TMA1115 - Final Major Project
33
AR and VR user interface design View management involves computing what a user sees within a 3D environment when it is projected onto a display screen. Doing this interactively to create effectively laid out user interfaces for augmented reality, virtual reality, or any other kind of 3D interface requires representing processing and screen space. – P.110 Emerging Technologies of Augmented Reality: Interface and Design (B. Bell & Feiner, 2000, 2001; Haller et al., 2007) As briefly referenced, above, there are numerous physical and aesthetic considerations required when designing a virtual interface, not all of which can be covered in this paper. Therefore various key components were reviewed by the author and integrated into a short visualisation animation, with a view to amending the design in a future publication. The paper ‘Lessons Learned in Designing Ubiquitous Augmented Reality User Interfaces’ (Haller et al., 2007; Sandor, 2008) identifies three classes of ‘criteria pertaining to the task(s) that need to be executed’ : • Task-specific criteria – for specific carried out within an application. • System-specific criteria - relating to the unique capabilities of the designed-for AR system. • User-specific criteria – dependent on ergonomic human factors and anthropology. As the Xuni AR has a unique combination of inputs and sensory information to draw on, both task and system specific criteria were considered in the prototype design of the interface. Initially the author investigated two current high-profile, well-tested, twodimensional implementations of navigation, one AR and one traditional screen-based.
34 Stephen Hibbert - 2014
1. Glass by Google Inc. Although not directly comparable, Glass would provide a useful insight in what to consider when controlling an interface without a physical device to use in hand. Glass is one in a number of products recently announced either in development or commercially released which have come to be categorized as ‘smartglasses’. Other examples include Epson Moverio, Recon Jet, Oakley Airwave, and Technical Illusions castAR. Each offers different in-built variations on Augmented Reality interface design and control, and a number of these are also beginning to be supported with Myo Armbands (Thalmic Labs Inc, 2014). The Google Glass interface uses the Glass Development platform. It has a comprehensive design reference resource available to developers (Google Inc, 2014c) intending to develop for the Glass interface. Control of the Glass interface is primarily through the use of a voice-activated invocation model with simplified touch control available by touching the side of the hardware unit itself providing access to the ‘timeline’ side-scrolling interface. Although different in its applied control to the proposed Xuni system, the Glass interface guidelines offer some useful principles that could potentially be transferred to other application control interfaces in the AR space. For example the tiled ‘card’ visual display framework offers a unified design approach developers should consider offering a unique, simple style along with resources including ‘card templates, a colour palette, typography and writing guidelines to follow whenever possible’ (Google Inc, 2014c).

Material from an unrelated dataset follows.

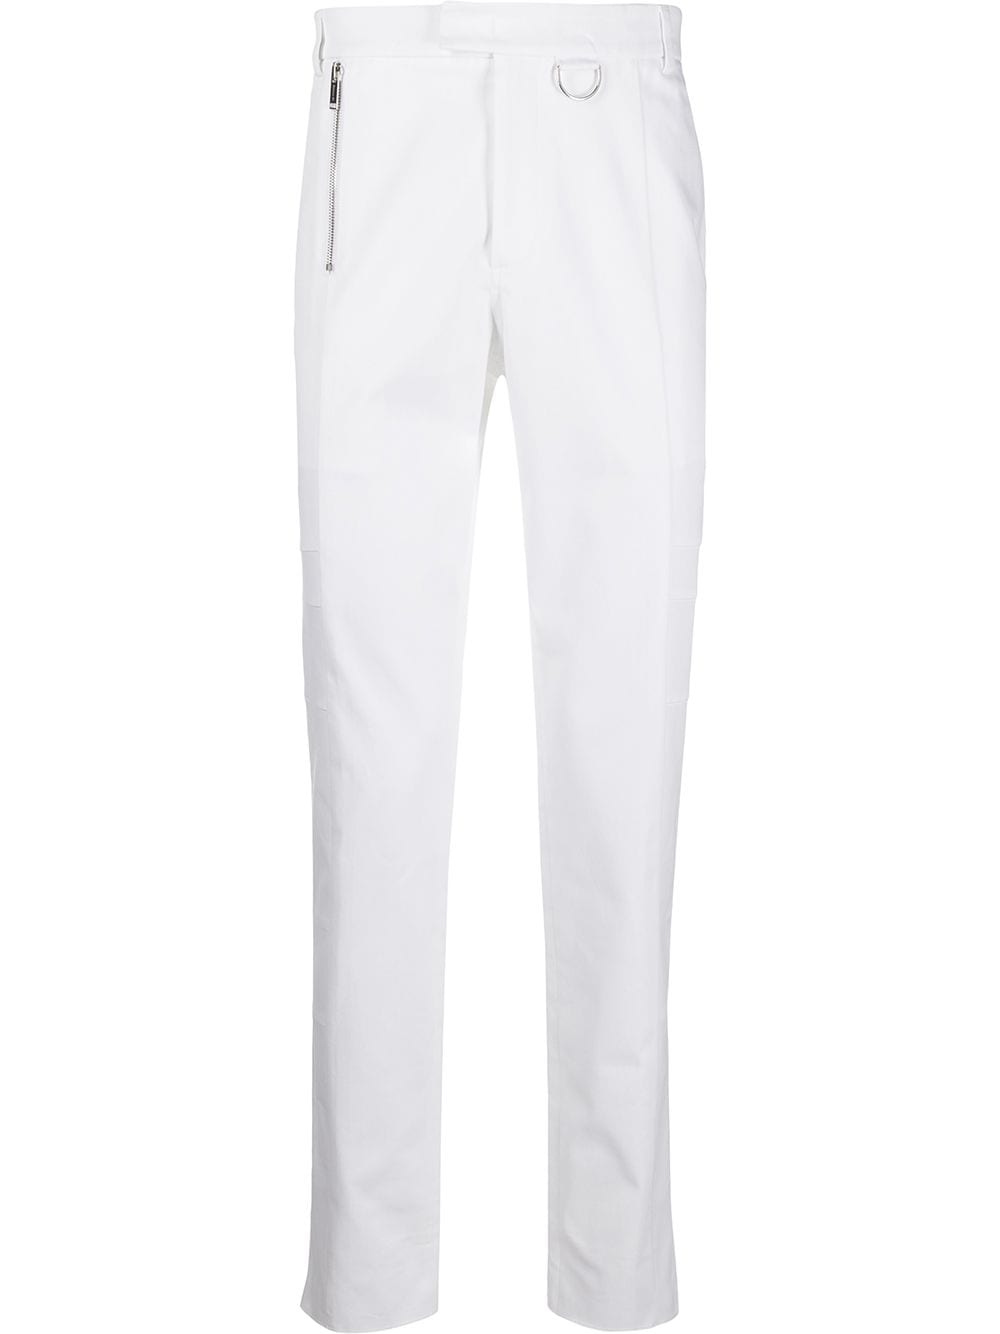 Les Hommes Embellished Slim-fit Chinos In White
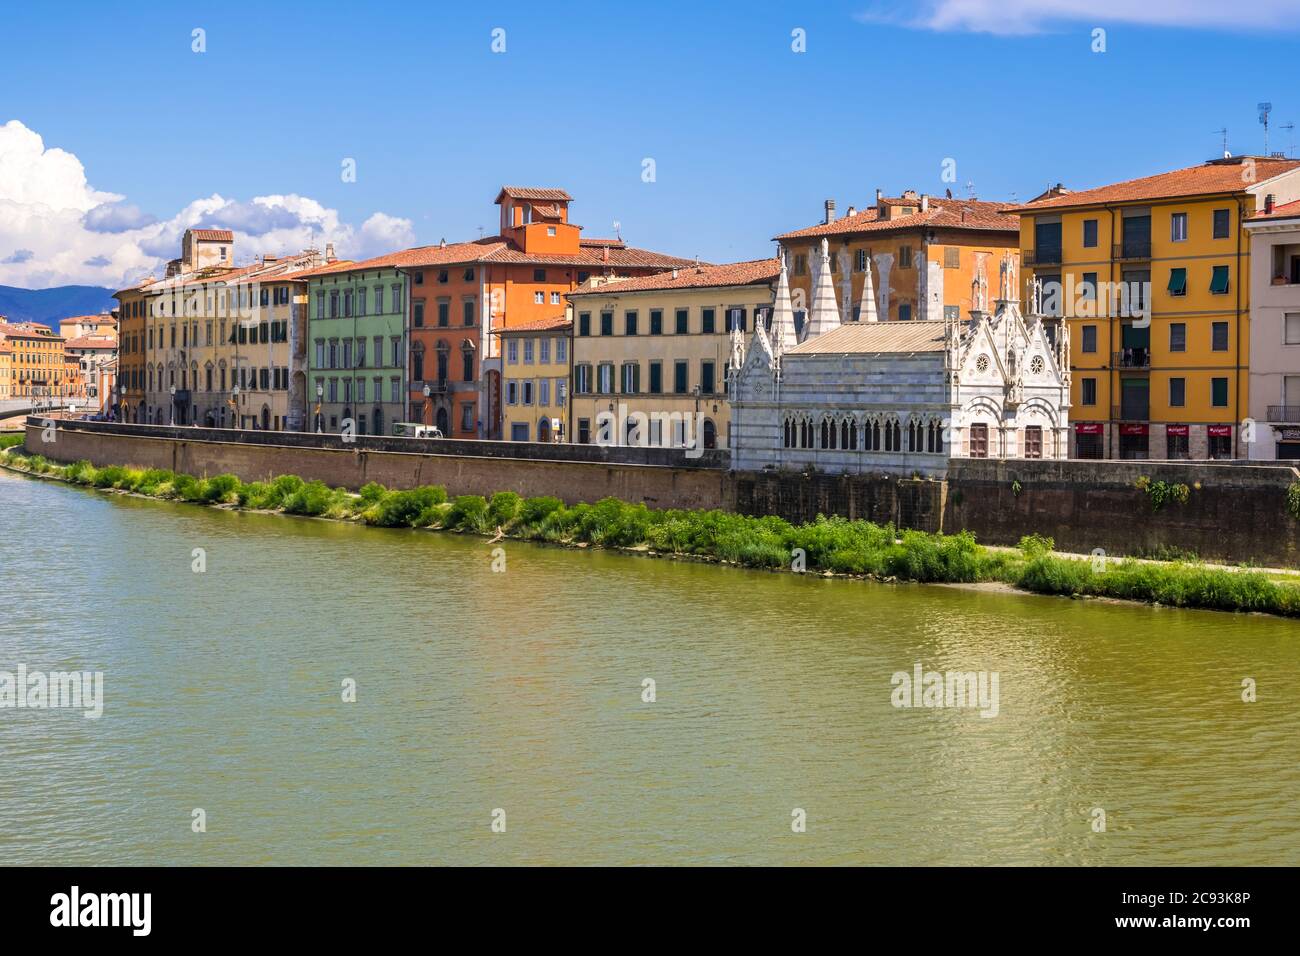 Pisa, Italy - August 14, 2019: Gothic church Santa Maria della Spina on the embankment of the Arno River in Pisa, region of Tuscany, Italy Stock Photo

2.‘Quick Look’ and ‘Cover Flow’ by Apple Inc As shown in Table 1 the hypothetical Xuni AR interface incorporates the use of a potential design for navigating multiple items using a rotary styled movement. This design follows some similarities with the Apple Inc. patented ‘Quick Look’ and ‘Cover Flow’ interface used as optional navigation tools in various applications within the current OS X interface (Apple Inc., 2014b), particularly within the central ‘Finder’ file navigation service. Apple provide extensive User Experience guidelines (Apple Inc., 2014a) for developers of products using the Cocoa and Cocoa Touch frameworks on both OS X and iOS. In the publicly viewable Apple WWDC 14 Session video ‘Designing Intuitive User Experiences’, Apple User Experience Evangelist Mike Stern presents some key facts that might be considered in ensuring these intuitive experiences are consistent in order for users to positively engage with the app and associated device.
The more apps behave as we expect them too, the more intuitive they are to us. The more intuitive apps are, the easier it is for us to concentrate on our true objective. The very best user interfaces are so intuitive, so natural, that they just sort of disappear and allow us to focus on what truly matters, that’s what we call intuitive. – Mike Stern, Apple Inc. (2014) Clockwise from top: google visualisation of glass interface operation; myo integrated with smartglasses; Apple cover flow layout; glass card design guidelines.
TMA1115 - Final Major Project
35
36   Stephen Hibbert - 2014
section 3 visualisation
Visualisation takes the findings from the research study undertaken previously and documents the construction a theoretical interactive interface system using 3D visualisation software Cinema4D and compositing software Adobe After Effects CC. The resulting animation is called 'Another Reality'.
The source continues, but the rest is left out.